The MIDI file standard

MIDI files are that you can open on your PC to play a song, but MIDI was created as a wire protocol for live music performance. It’s real-time because when the musician presses a key on their keyboard, it immediately sends a MIDI message to a synthesizer to play a note. Synthesizers can play a whole range of sounds, from piano or violin to the sound of tweeting birds. I was interested in learning a little more about MIDI and wrote this post to give a high-level overview for anyone else interested in learning about it.

A bird’s eye view of the standard

Arguably the most important piece of the standard is the MIDI message; they’re what MIDI instruments send to synthesizers to tell them to play a note. Each message is sent on one of 16 MIDI channels, which can be set up to play the sound of a different instrument. In MIDI, the instruments are called programs. If it supports it, a single synthesizer could also listen on multiple channels, but have each configured to play a different program.

To give you some examples of MIDI messages, two types are “Note On” and “Note Off”, which cause the synthesizer to start or stop playing a note. Each message also comes with additional message data. For Note on/off messages, that data is:

  • the pitch of the note
  • the velocity of the note. It’s called that because playing a piano key faster makes it louder.

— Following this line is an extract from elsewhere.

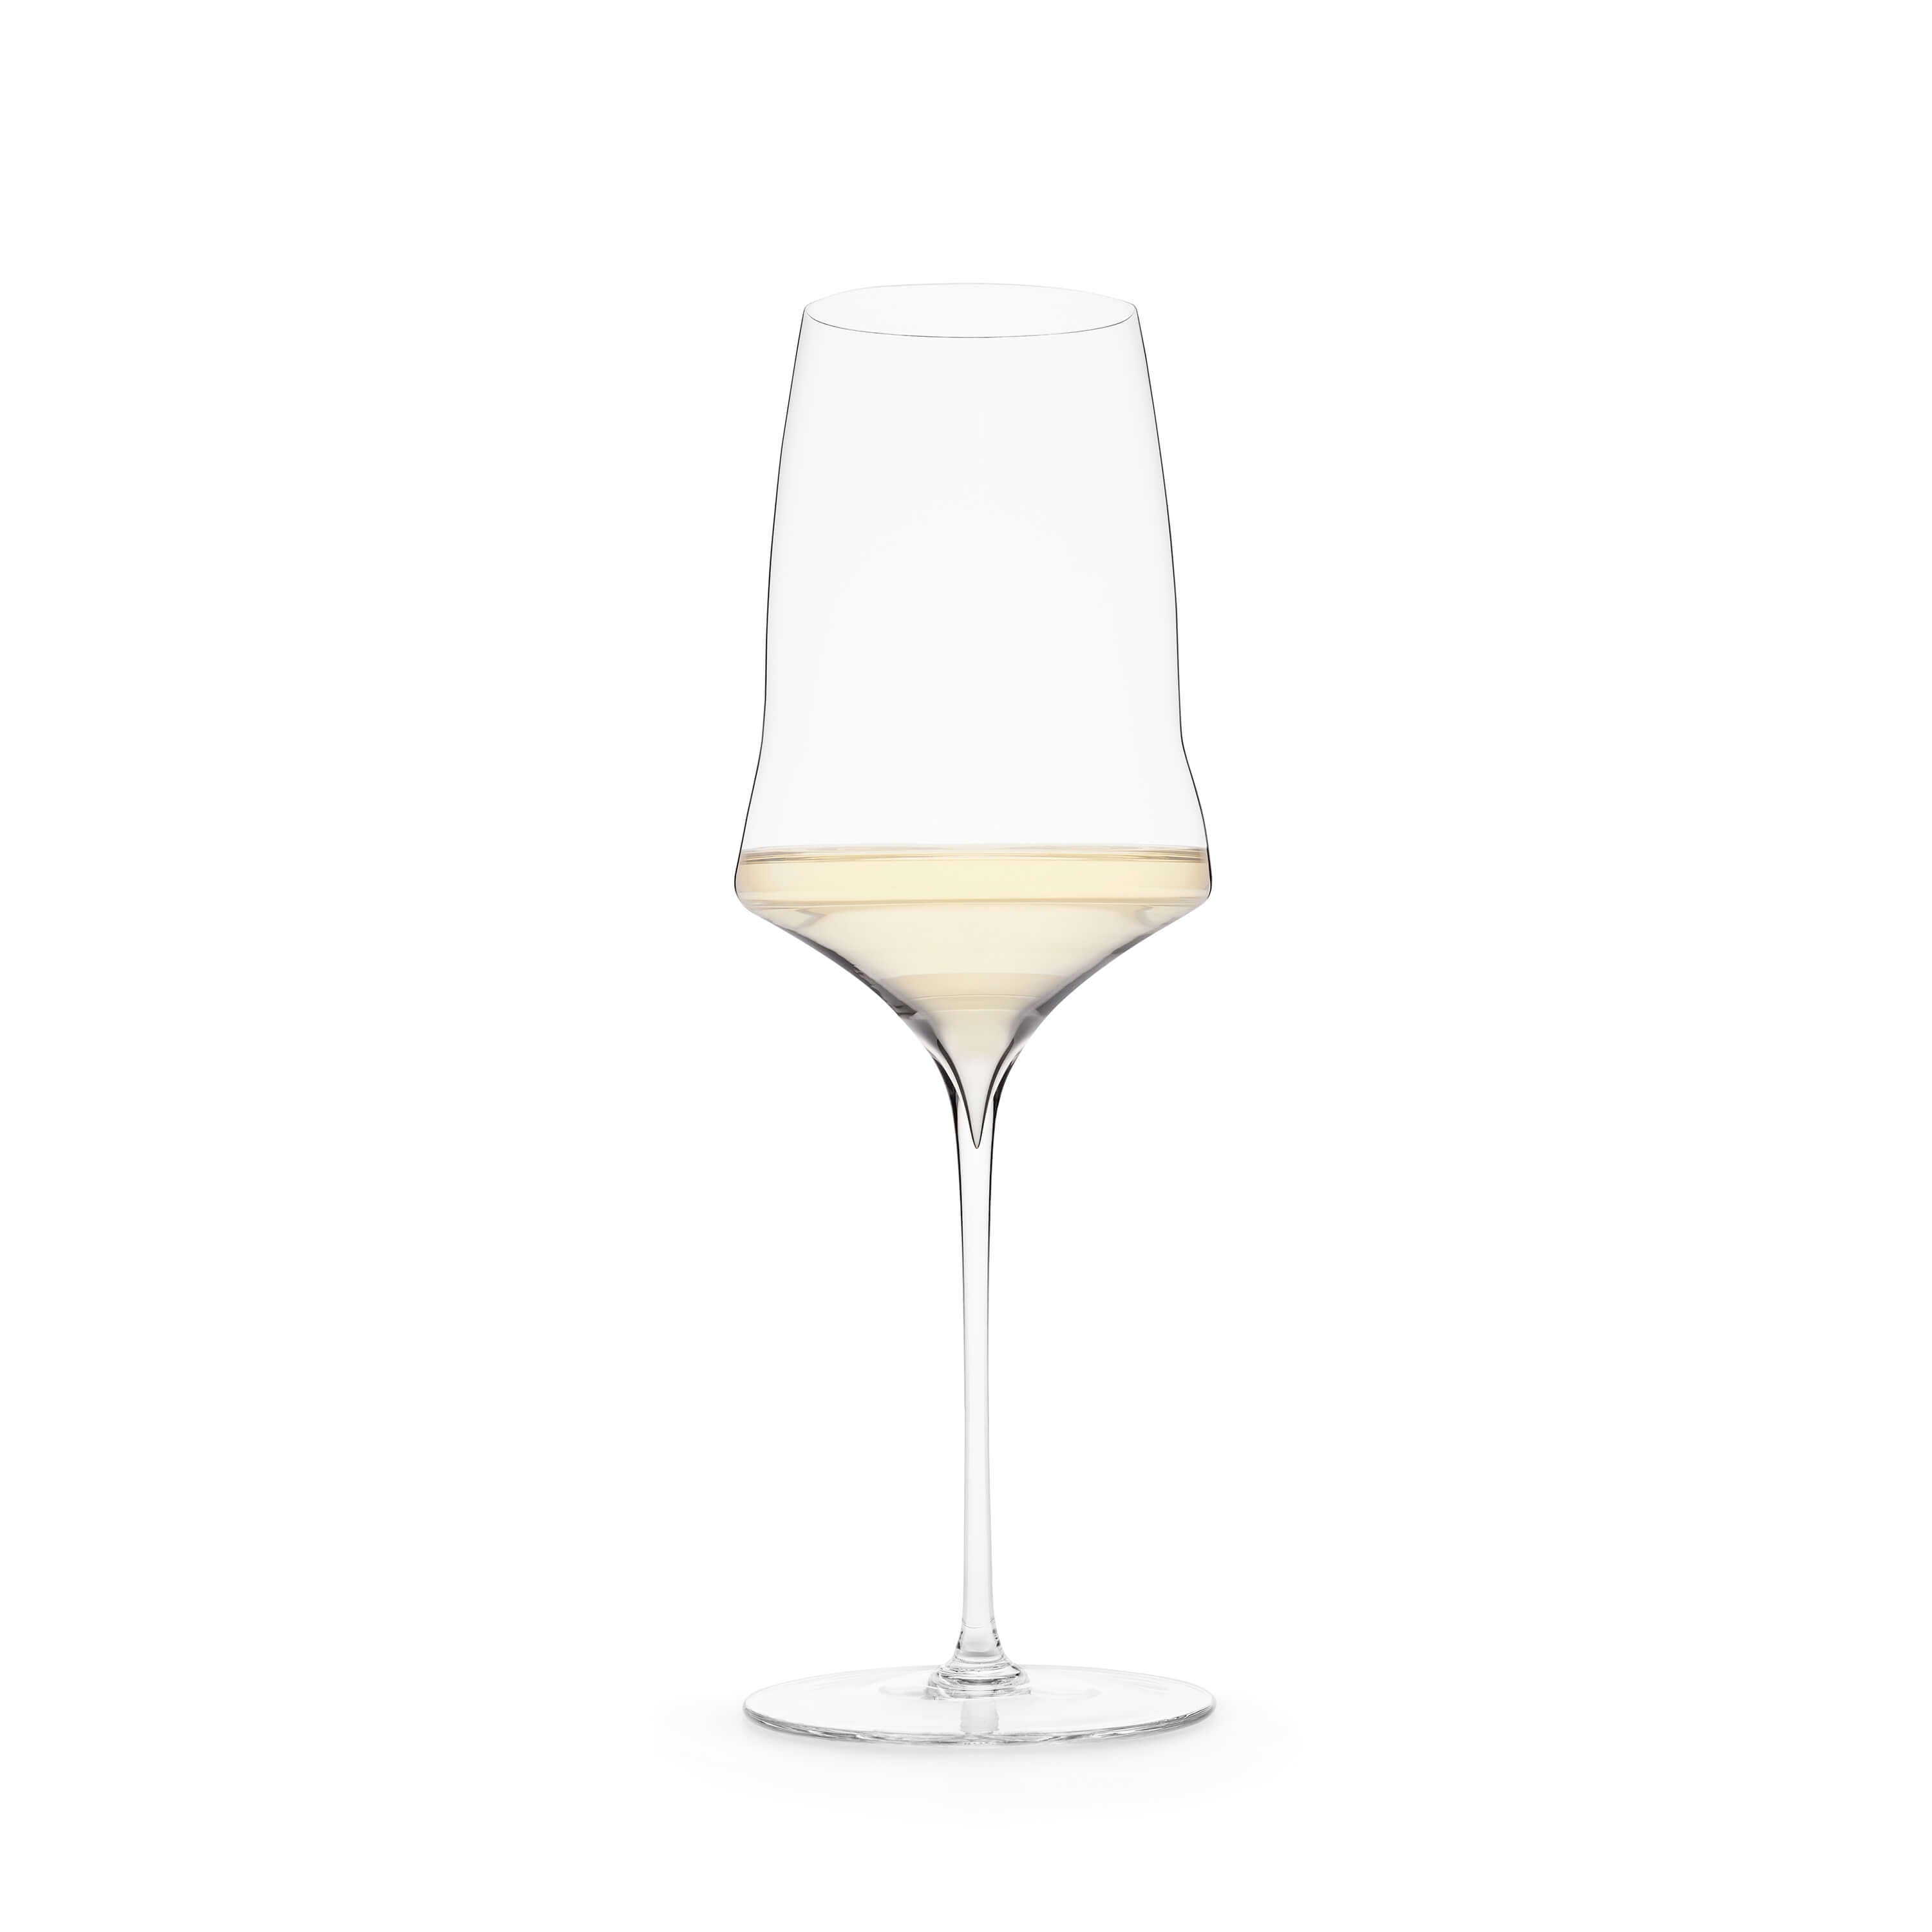 Josephine No 1 – White wine glass with a generous pour – Single Glass

MIDI messages don’t contain any information about when they should be played (they’re always played immediately when they’re received). If you want a MIDI synthesizer to play a whole song, you need something to send all the messages at the right time; for that, you use a MIDI sequencer. A second type of message called meta messages control the sequencer itself and set things like the tempo or time signature.

MIDI files are binary files containing the timing information used by sequencers. The files contain multiple tracks, each of which usually1 corresponds to a single instrument. Each track contains a list of MIDI events, which are a MIDI message paired with a delta time (the time between MIDI messages).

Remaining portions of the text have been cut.